Raw data ▸
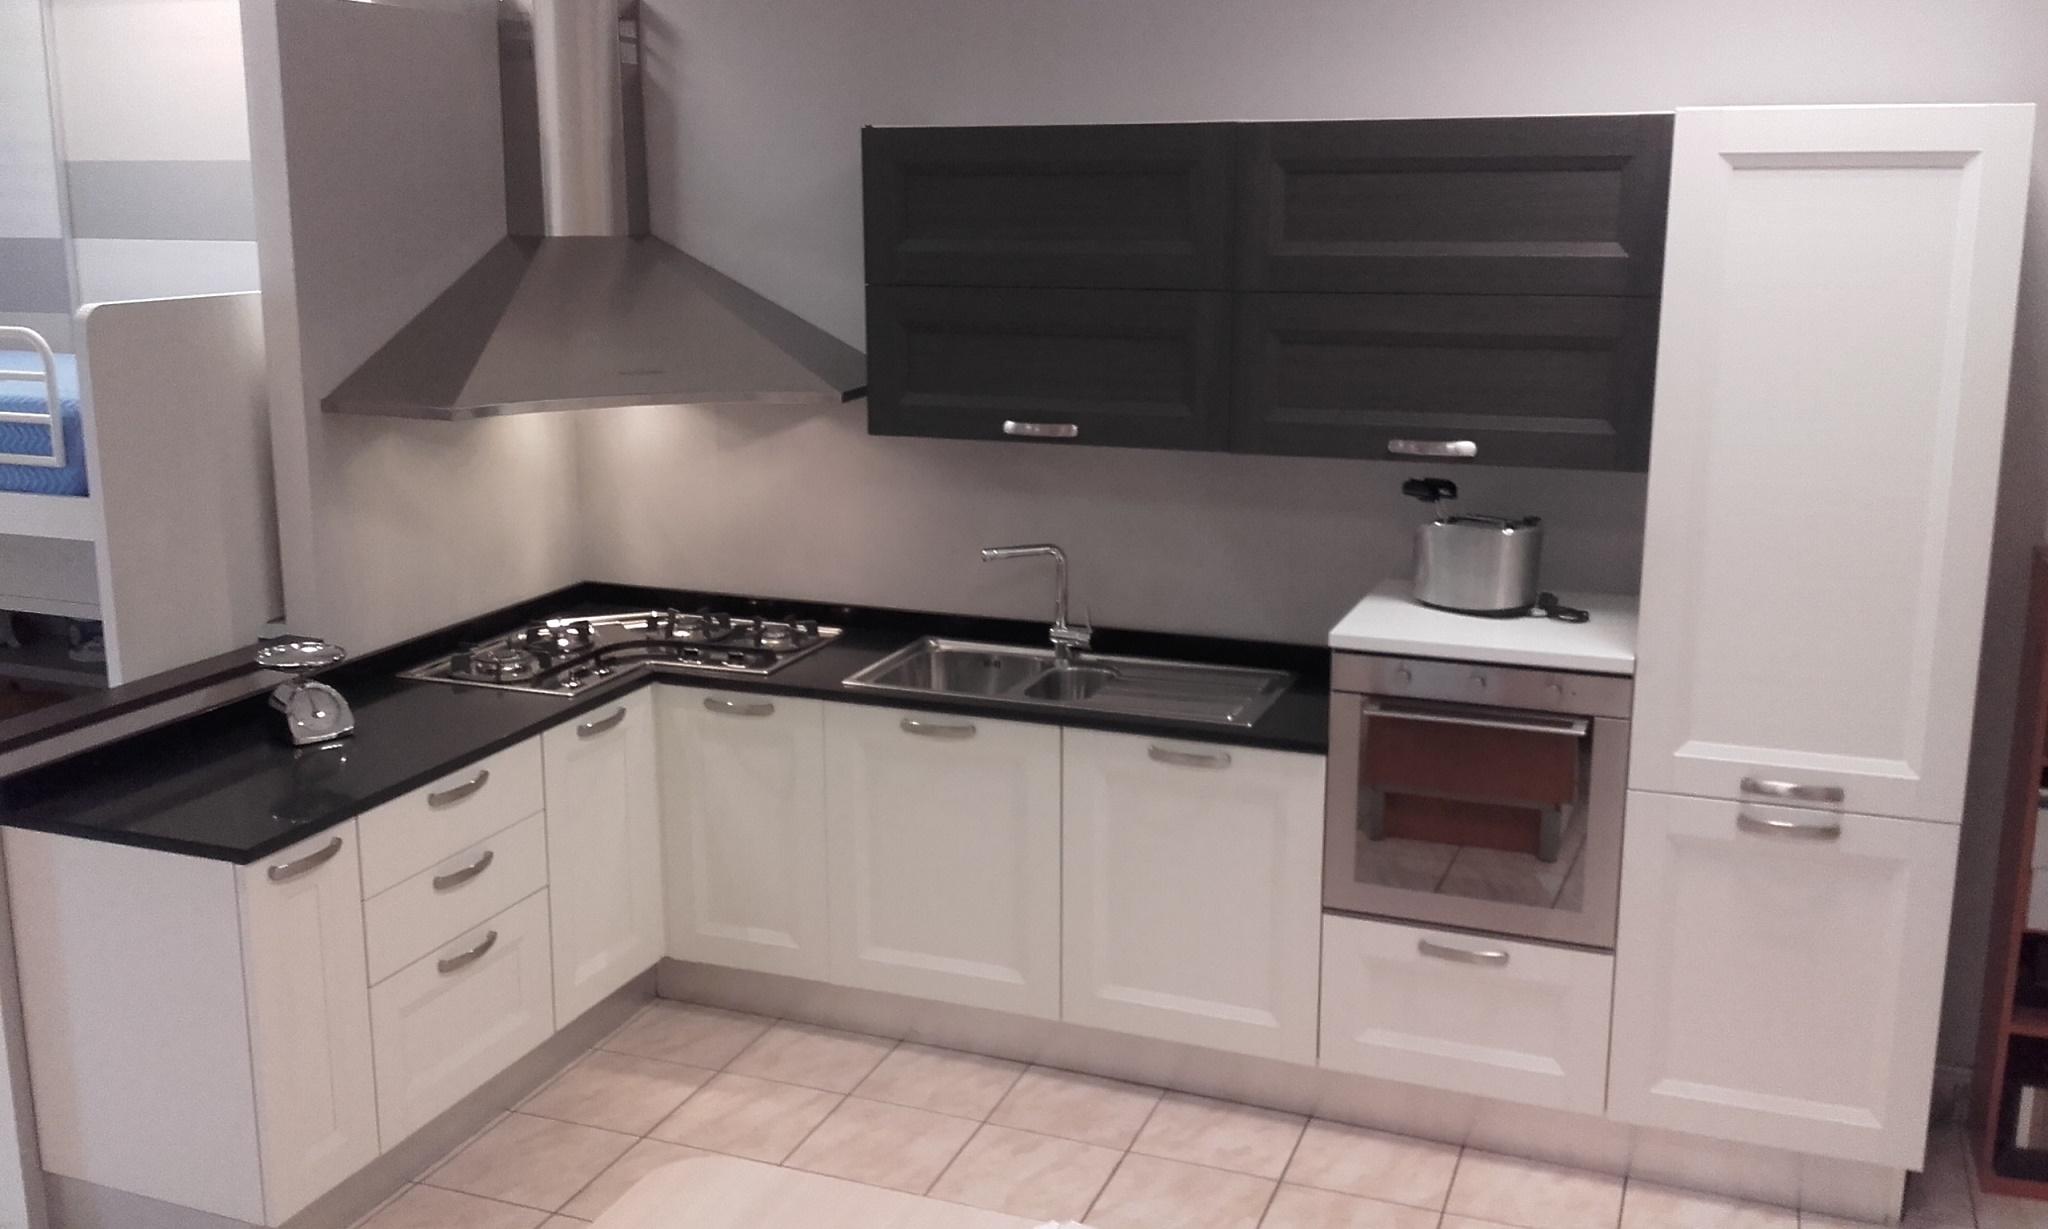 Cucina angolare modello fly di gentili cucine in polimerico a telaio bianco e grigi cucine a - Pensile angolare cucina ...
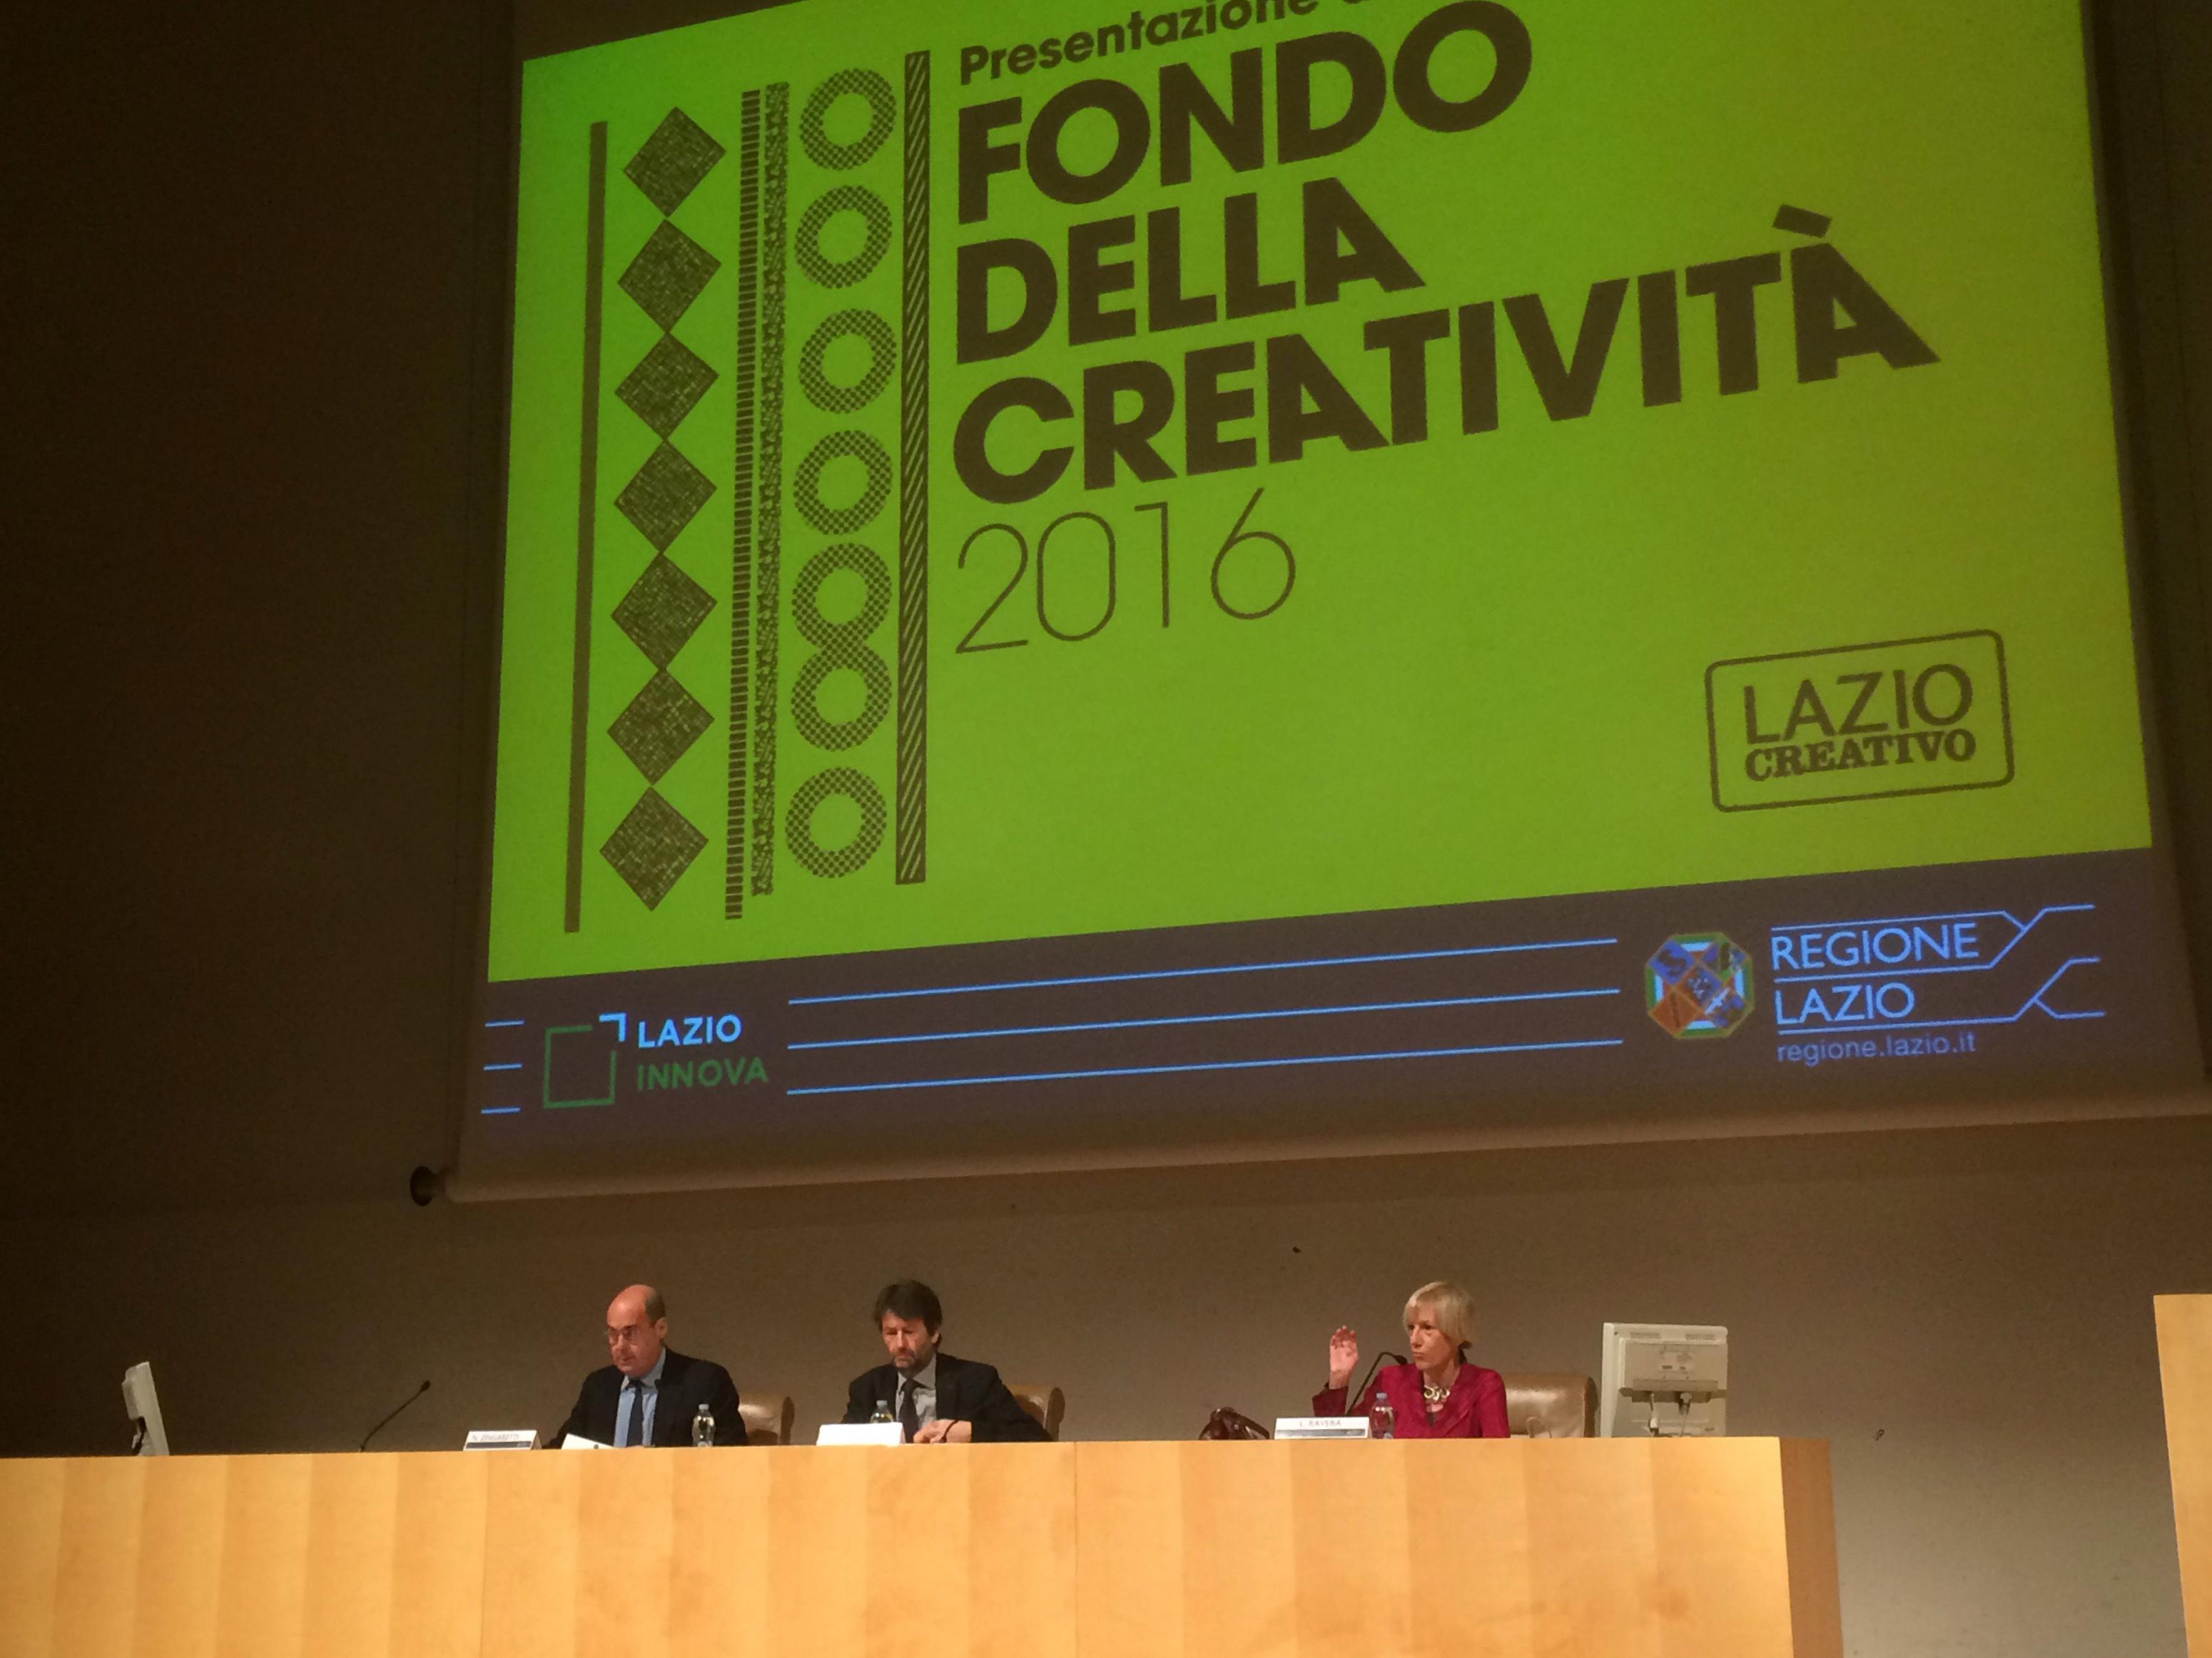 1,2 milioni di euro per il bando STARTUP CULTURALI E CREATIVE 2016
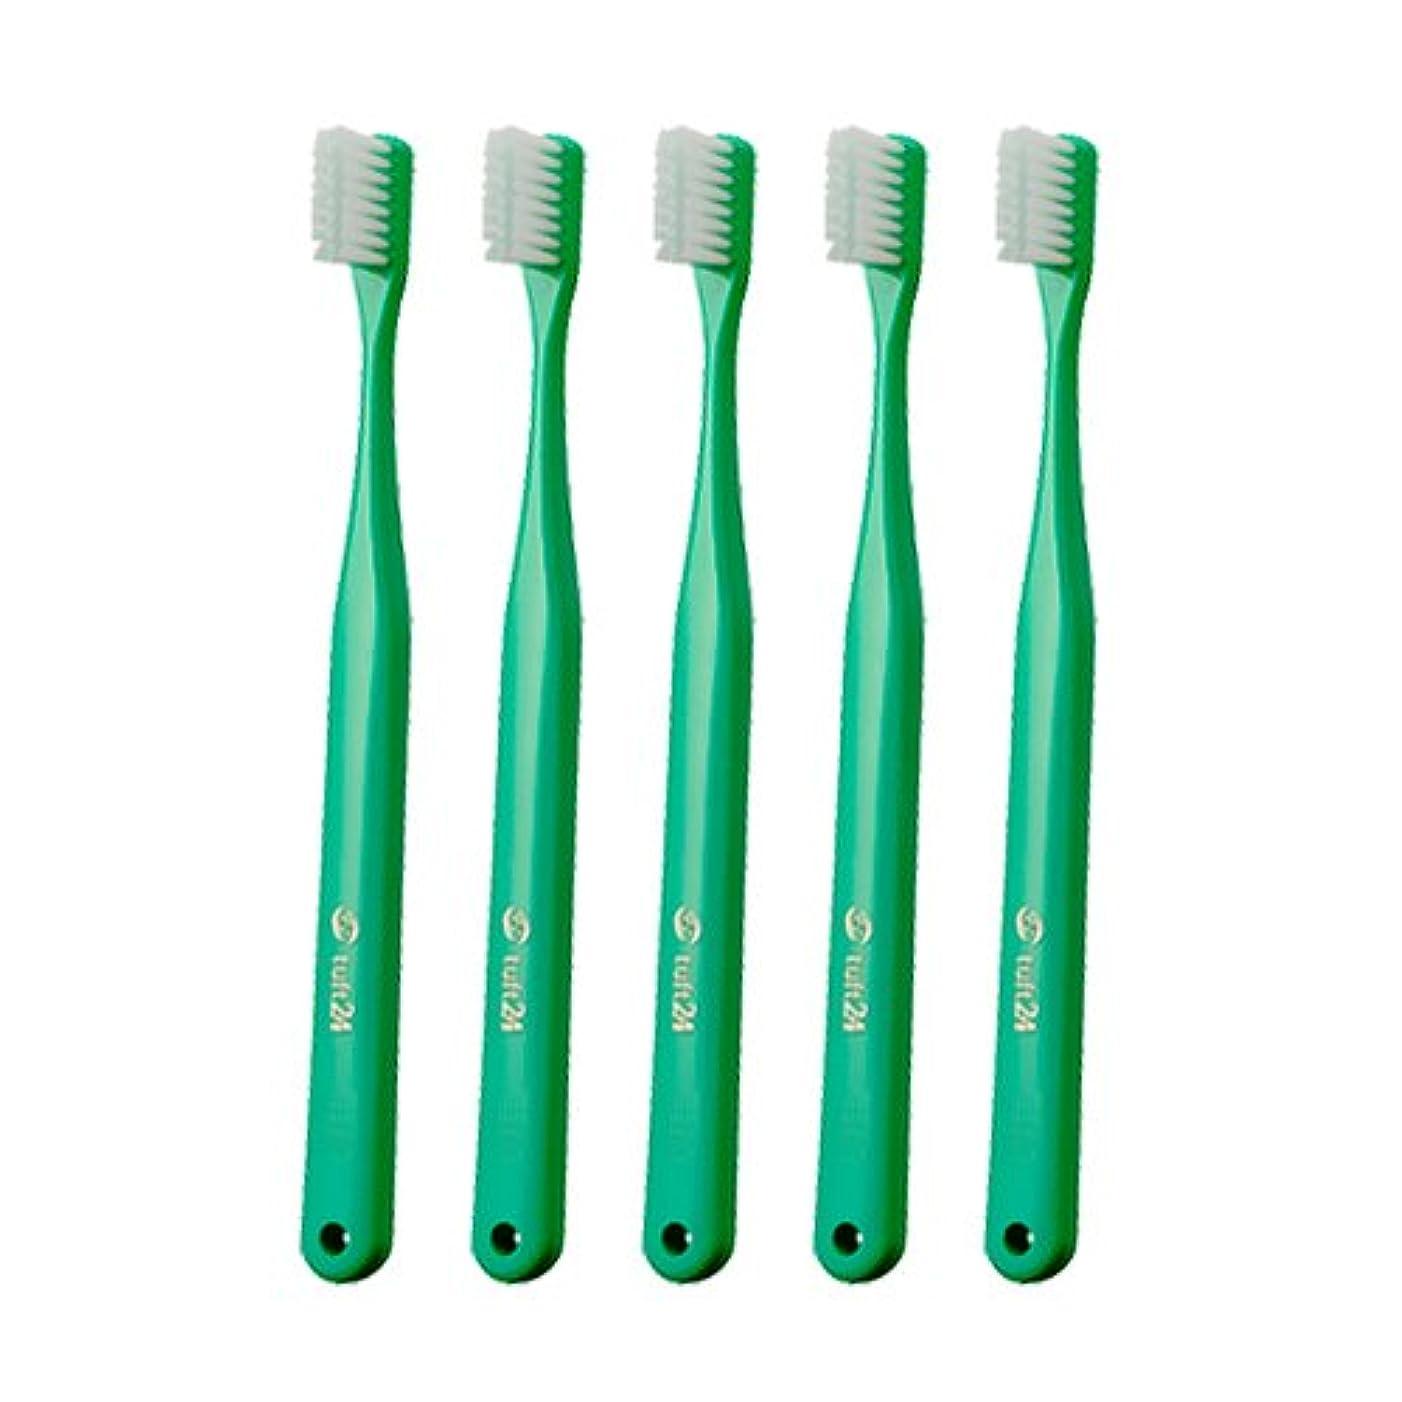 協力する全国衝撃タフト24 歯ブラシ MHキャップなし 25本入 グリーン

Your goal ▸
Copy out every line above without change, dropping the pictures.

Exercise answer ▸
 Cucina angolare modello fly di gentili cucine in polimerico a telaio bianco e grigi cucine a - Pensile angolare cucina ...
 1,2 milioni di euro per il bando STARTUP CULTURALI E CREATIVE 2016
 協力する全国衝撃タフト24 歯ブラシ MHキャップなし 25本入 グリーン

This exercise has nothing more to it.